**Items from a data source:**
--- START ---

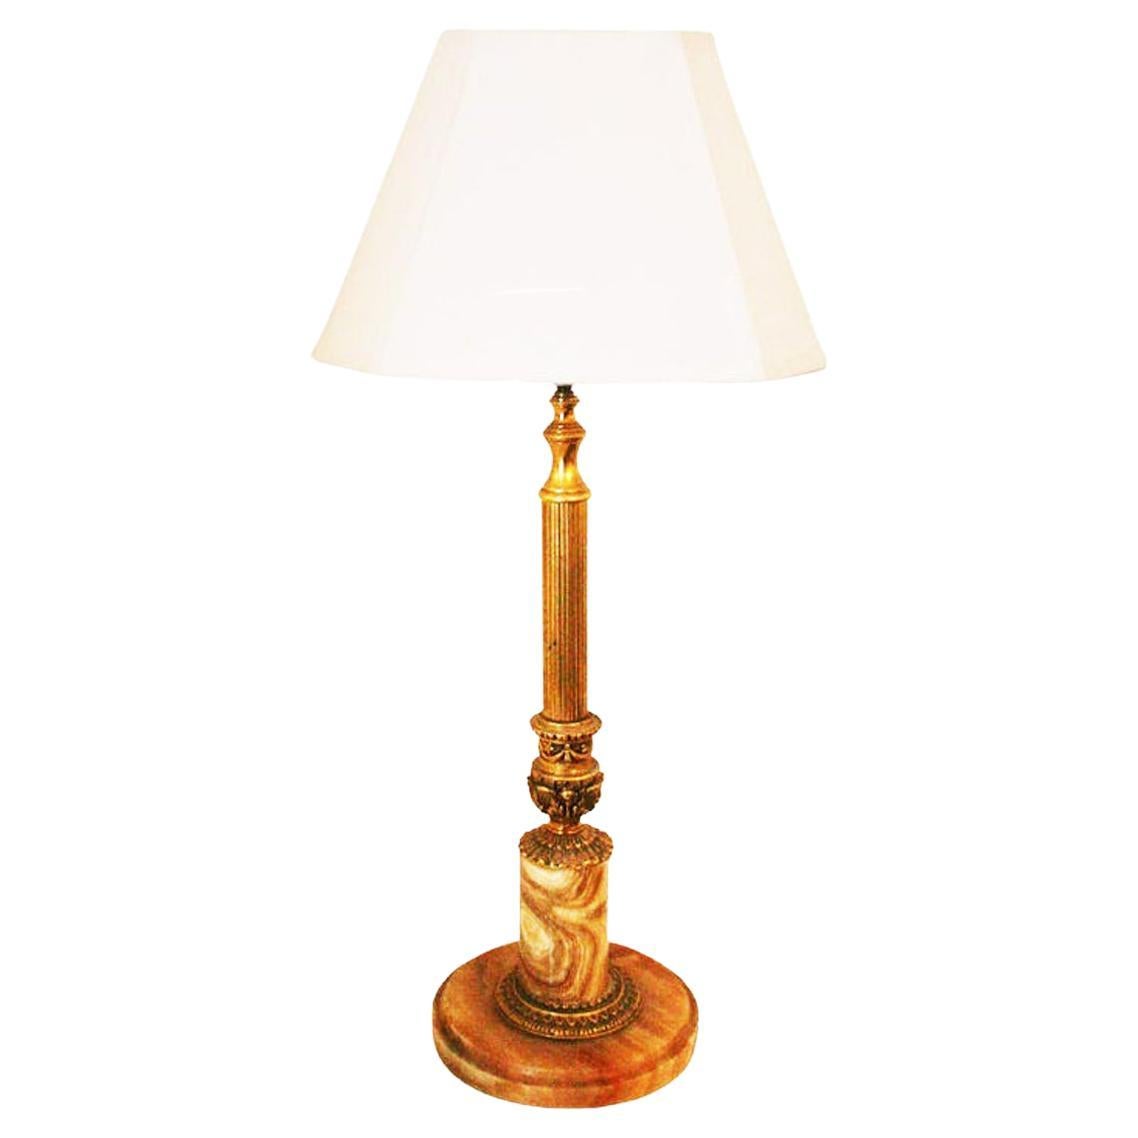 Alabaster table lamp Onix and Brass large column Form. Early 20th Century
Large table lamp in alabaster and brass style
Empire.

It is of high size, suitable to put on a side table in the living room or on a bedside table

In the shape of a

--- END ---

**TASK BRIEF:** Each line from the one containing "Large table lamp in alabaster and brass style" through the final line of the records must be repeated exactly, with no line added or dropped.

**WRITTEN RESPONSE:**
Large table lamp in alabaster and brass style
Empire.

It is of high size, suitable to put on a side table in the living room or on a bedside table

In the shape of a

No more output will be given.